AUTHOR=Renzetti Stefano , Gennings Chris , Calza Stefano TITLE=A weighted quantile sum regression with penalized weights and two indices JOURNAL=Frontiers in Public Health VOLUME=11 YEAR=2023 URL=https://www.frontiersin.org/journals/public-health/articles/10.3389/fpubh.2023.1151821 DOI=10.3389/fpubh.2023.1151821 ISSN=2296-2565 ABSTRACT=Background

New statistical methodologies were developed in the last decade to face the challenges of estimating the effects of exposure to multiple chemicals. Weighted Quantile Sum (WQS) regression is a recent statistical method that allows estimating a mixture effect associated with a specific health effect and identifying the components that characterize the mixture effect.

Objectives

In this study, we propose an extension of WQS regression that estimates two mixture effects of chemicals on a health outcome in the same model through the inclusion of two indices, one in the positive direction and one in the negative direction, with the introduction of a penalization term.

Methods

To evaluate the performance of this new model we performed both a simulation study and a real case study where we assessed the effects of nutrients on obesity among adults using the National Health and Nutrition Examination Survey (NHANES) data.

Results

The method showed good performance in estimating both the regression parameter and the weights associated with the single elements when the penalized term was set equal to the magnitude of the Akaike information criterion of the unpenalized WQS regression.
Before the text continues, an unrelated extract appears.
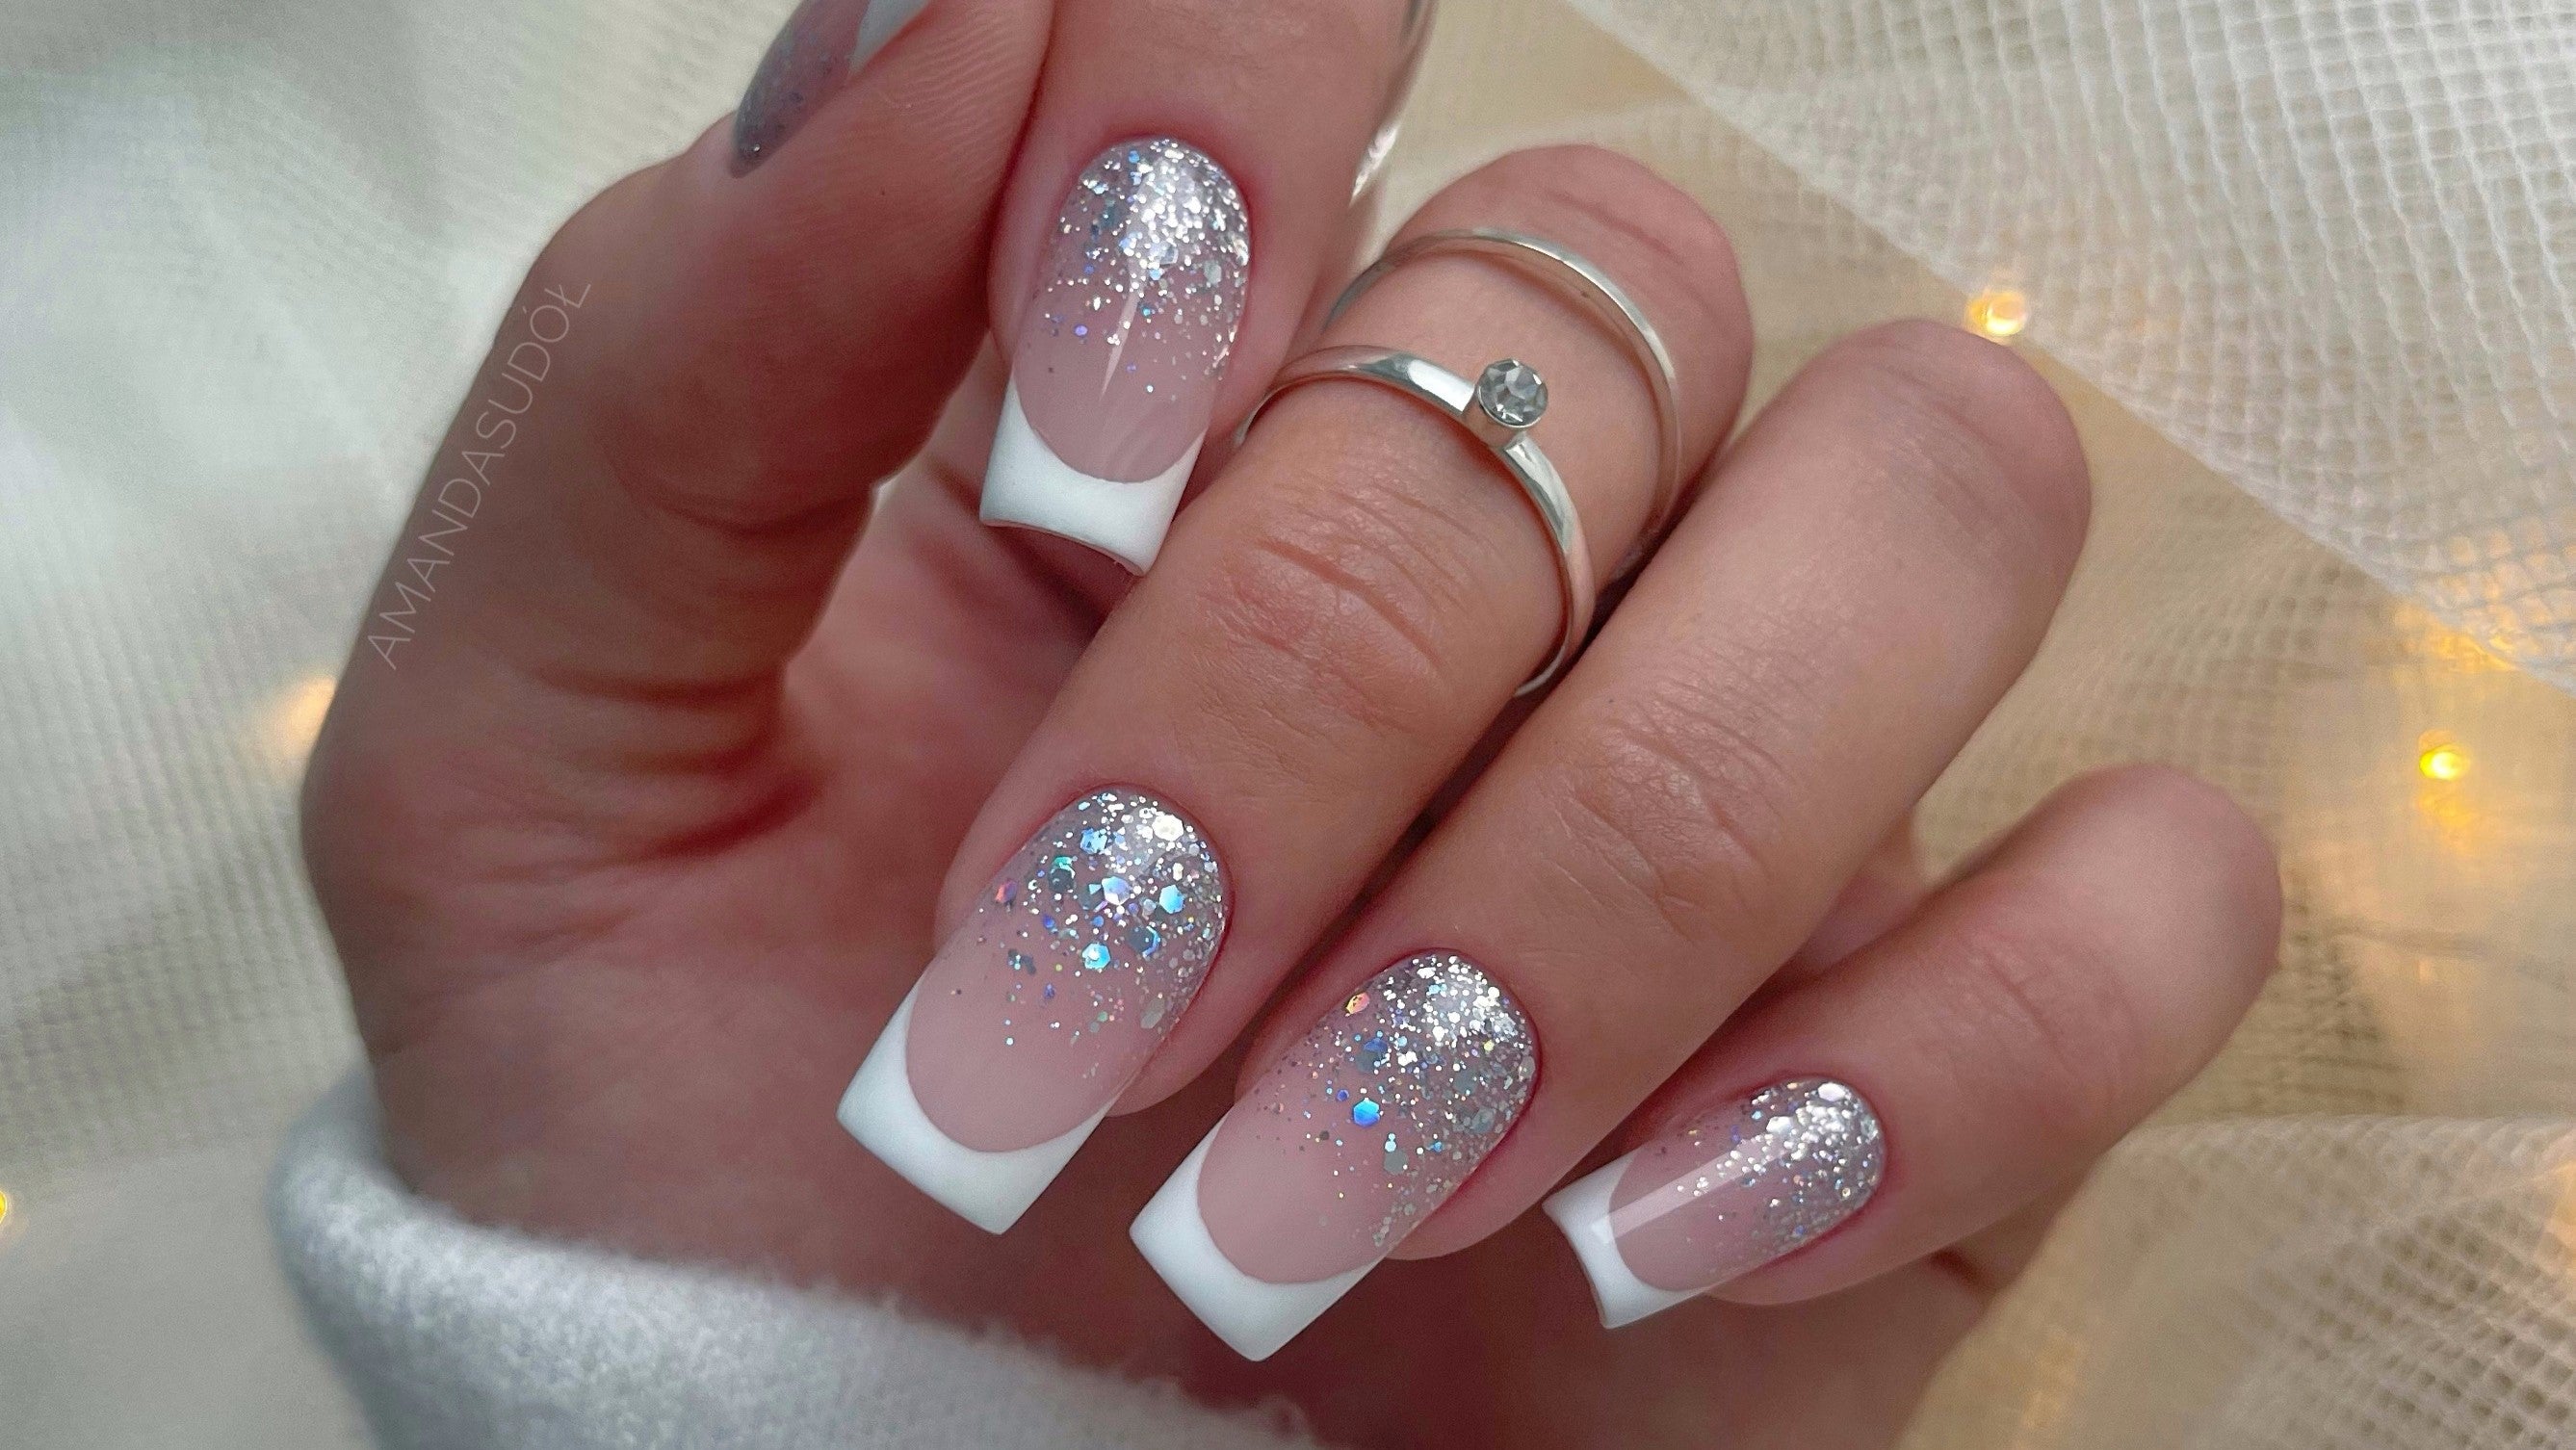 2. Elegant Gel Nail Design for Any Occasion - wide 5

The two indices further helped to give a better estimate of the parameters [Positive direction Median Error (PME): 0.022; Negative direction Median Error (NME): −0.044] compared to the standard WQS without the penalization term (PME: −0.227; NME: 0.215). In the case study, WQS with two indices was able to find a significant effect of nutrients on obesity in both directions identifying sodium and magnesium as the main actors in the positive and negative association, respectively.

Discussion

Through this work, we introduced an extension of WQS regression that improved the accuracy of the parameter estimates when considering a mixture of elements that can have both a protective and a harmful effect on the outcome; and the advantage of adding a penalization term when estimating the weights.